Полость сознания представлен а как сложная вышивка на пред-находимой канве свидетельствования о несовершенстве. ( Топика сферы отбрасывания лучше всего моделируется понятием "испорченный телефон" - пространство, в котором любой сигнал испытывает превратность неминуемого и множественного искажения. В этом смысле "испорченный телефон" абсолютно предшествует нормальному телефону как технически воплощенному устройству дальнослышания (что с редким изяществом демонстрирует А. Ронелл). Сфера болтовни, сплетен представляет собой не только колыбель рефлексии, но и поле битвы между устройствами, поглощающими ложь в качестве своей подкормки (утилизаторами лжи, людьми), и самой ложью, рекрутирующей себе пригодных носителей и утилизирующей их.
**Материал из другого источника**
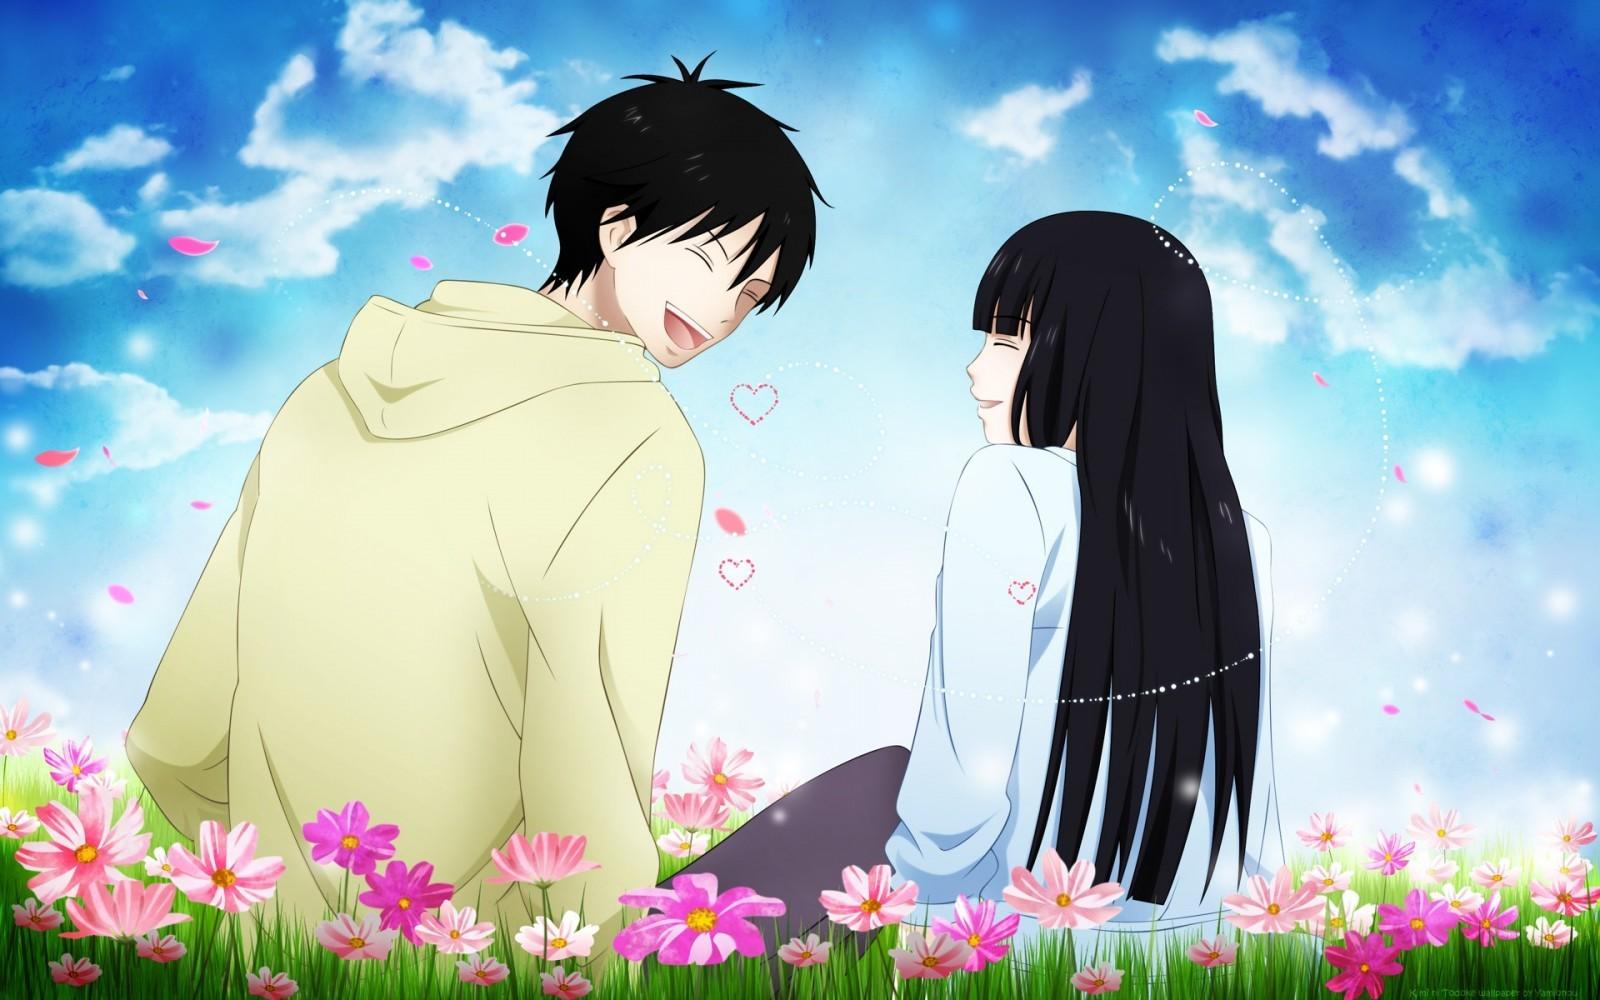 Kimi_ni_Todoke_Kazehaya_Shouta_Kuronuma_Sawako_flowers_anime_anime_boys_anime_girls_love

Итак, "в начале было Слово" (Ин. 1,1). Оно исчерпывающим образом заключает в себе замысел творения. Гулким эхом понеслось это единственное миросодержащее слово по бесконечной сети "испорченного телефона". Его реверберации множатся и по сей день, несмотря на то, что само оно уже явлено и воплощено. Постулат о человеческой коммуникации (или о так называемой интерсубъективности) как встроенном генераторе искажений позволяет понять факт достаточности одного-единственного слова: все прочие слова, складывающиеся в языки, речи и вообще тексты, объяснимы только через эхо-эффект этого изначального слова творения, заметавшегося в ловушке "испорченного телефона", через нерасслышанность и бесконечные переспрашивания.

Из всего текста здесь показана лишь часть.